Diabetes and determination: An old — but good — story about strength

March 3, 2013By 6 Comments


Lauren, to the right, testifies before a huge Joint Senate Committee. What we knew and a handful of the Senators knew was she was showing incredible determination that day, despite diabetes.

A newer d friend of mine – actually 2013 JDRF Children’s Congress Chair Angie Platt – had just posted about her morning. Her son with diabetes had awoken – as everyone with T1D does at times – with high blood sugar that would just leave most of us wanting to crawl under the covers and blow off the day.

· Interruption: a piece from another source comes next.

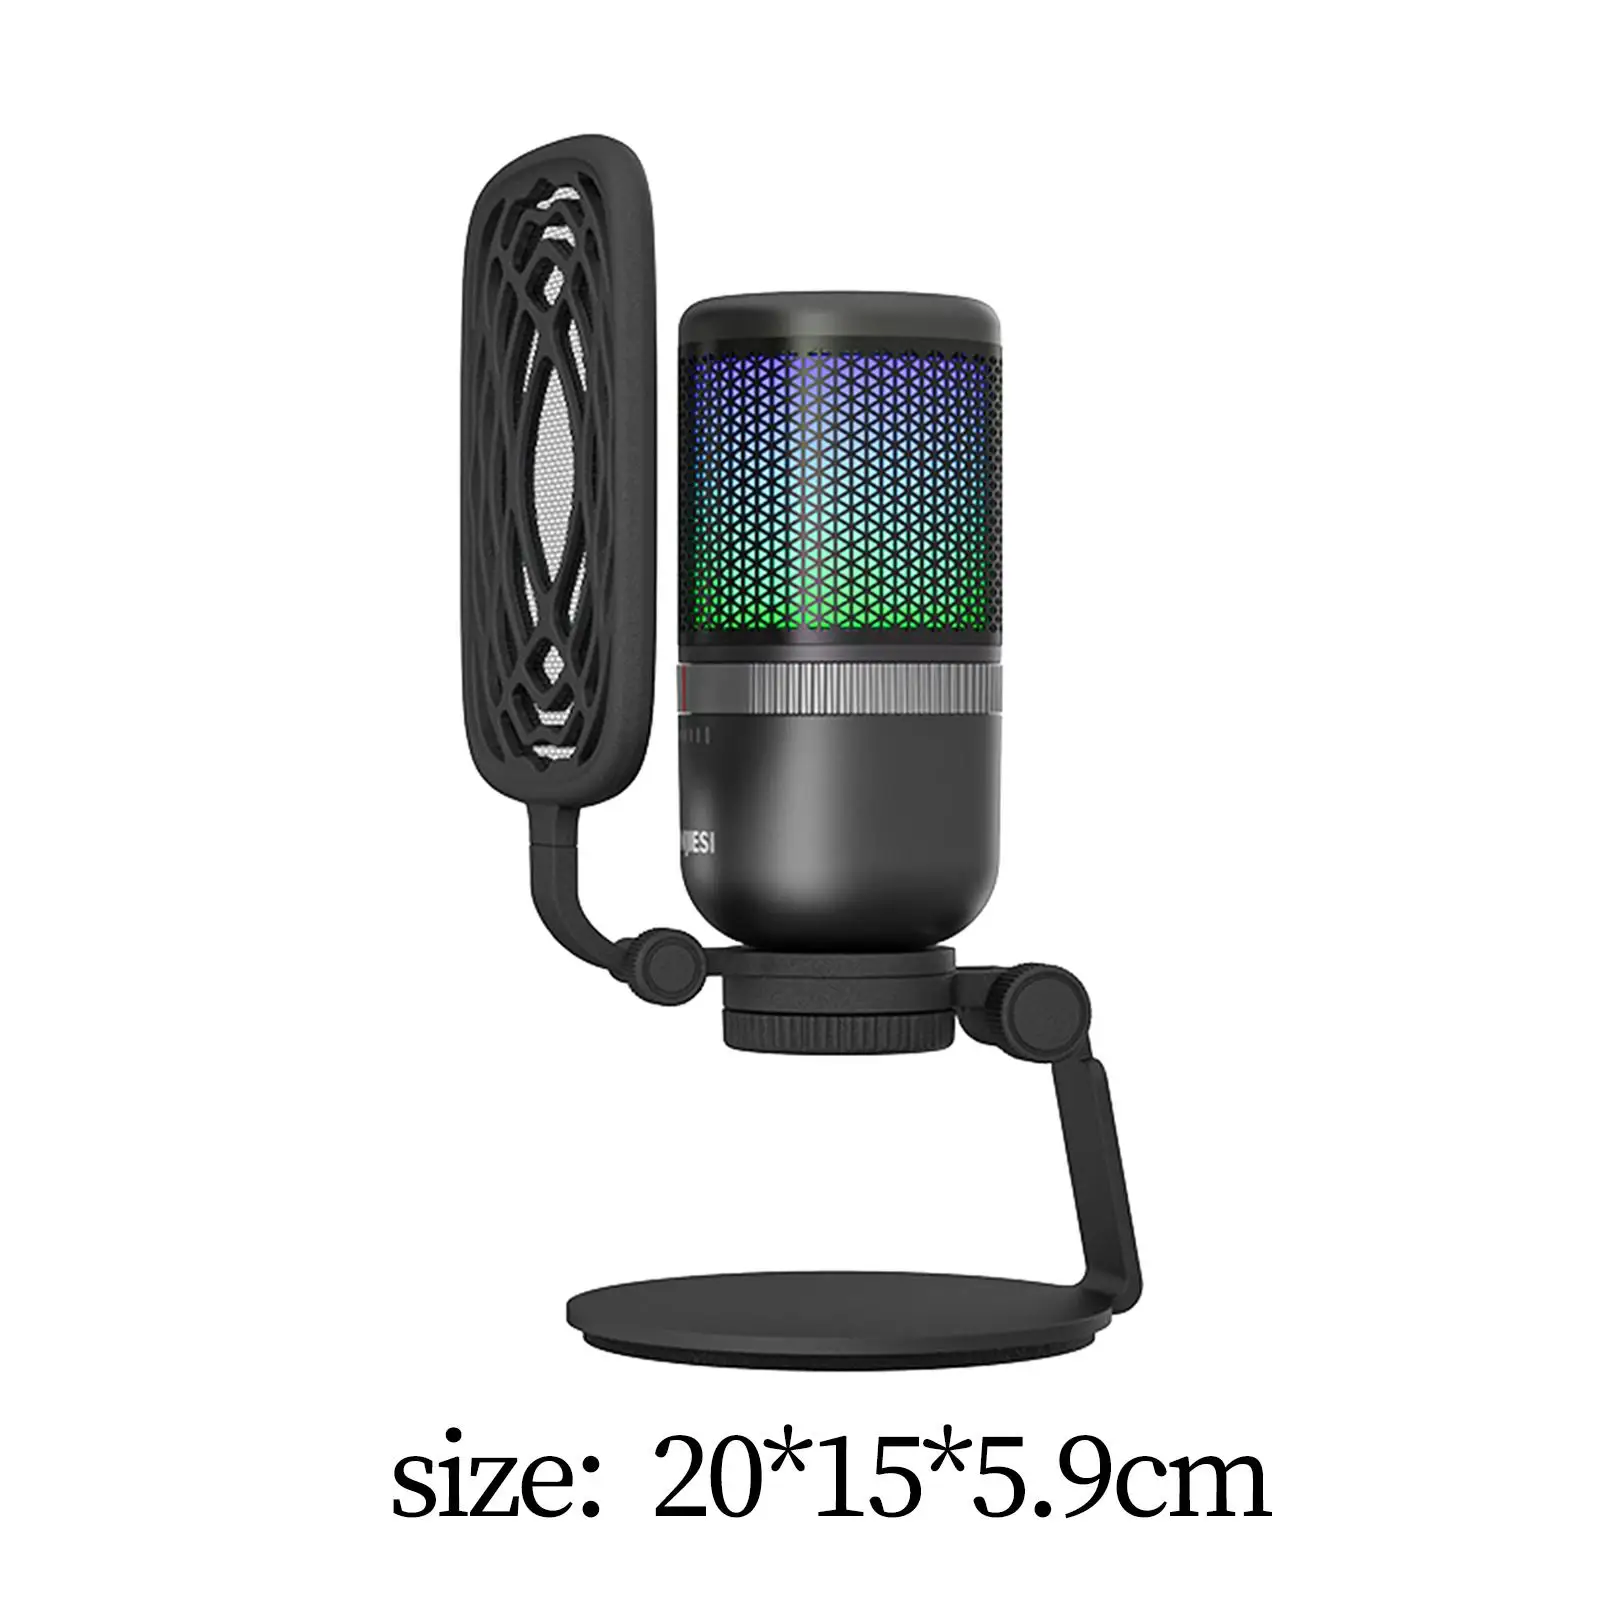 USB Microphone 90 degree Adjustable Tilt Angle Sound Control Colorful RGB Light Plug and Play Studio and Computer Condenser Mic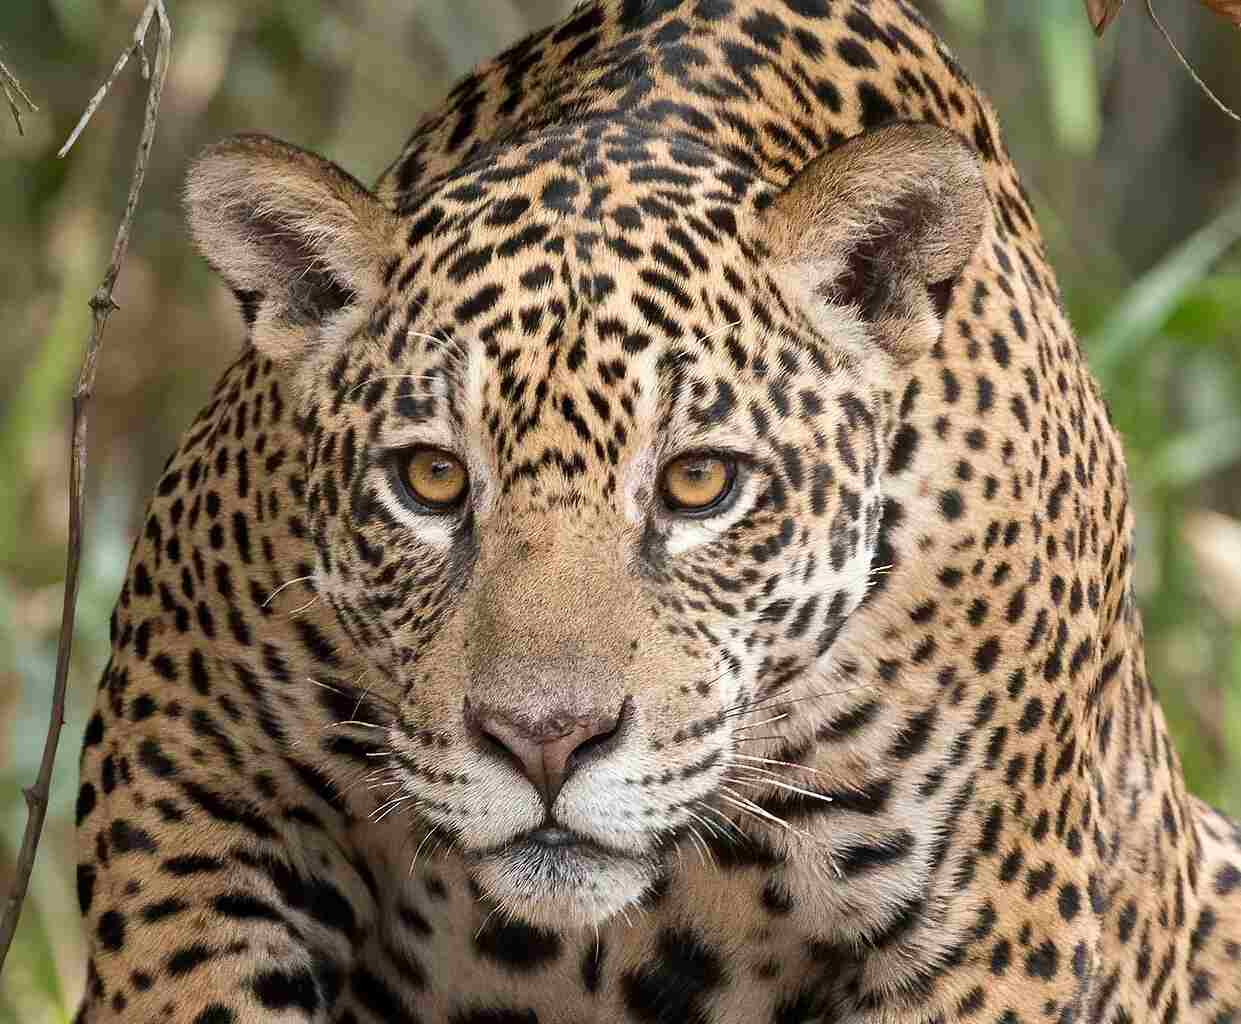 Jaguar Vs Tiger: The Taxonomy of Jaguars Differentiates Them from Tigers (Credit: Charles J. Sharp 2015 .CC BY-SA 4.0.)

But that’s not what her son did. Instead, he got up, corrected, powered through the lousy feeling and made it to school on time. In a world where kids stay home for, oh, a stubbed toe, her son really showed her just what he is made of (and she would have been fine with him staying home. But he insisted).

It got me thinking about just how strong people with T1D are. They walk around, often feeling high or low or shaky or sick or a combination of all that and more, and they do it with a smile on their face. They run meetings at work or take midterm exams or take care of their baby or whatever else life throws at them, saying little of how bad they feel and just getting on with it. Why? And how? I think with my daughter, part of it has always been her desire to kind of give T1D the finger. Like: Hey, you, T1D: you will not ruin my day. So take THAT.

This reminded me of a day we had a few years back – well, it would be six years ago now. It was supposed to be one of those “best days ever.” In fact, Lauren had been preparing for it, thinking about it and getting excited about it for weeks. But as it started, for a while, it looked like T1D was going to completely blow it out of the water. I’m talking Affleck on an asteroid blow out. In the end, which I’ll let you learn as the story unravels; I learned that people with diabetes aren’t just brave. They are an amazing combination of brave, gutsy, determined, stubborn, resilient and just plain awesome. So here goes. And if anyone has the story as I wrote it that day and sent out to tons of folks, send it along to me. I’m doing my best to remember it all as it went down. Here goes – read on. And then share your story. How have you seen someone battle T1D and show it who is boss? Have you done it yourself? I want to hear.


Jan. 19, 2007 was going to be a big, big day in Lauren’s life. Like – remember it forever and ever kind of day. Because while she had testified before Congress once before (so funny – how many parents can say that?), this was really big. She’d been chosen by the Health, Education, Labor and Pension (HELP) Committee of the Senate and its chair (and our dear friend) Sen. Ted Kennedy, to not only testify at a huge joint Senate hearing on stem cell research, but to be the only patient to testify. This meant that, at 15 years old, she would be giving the honor and responsibility of representing every kind of person in our nation – make that world – who was in need of a cure of some kind.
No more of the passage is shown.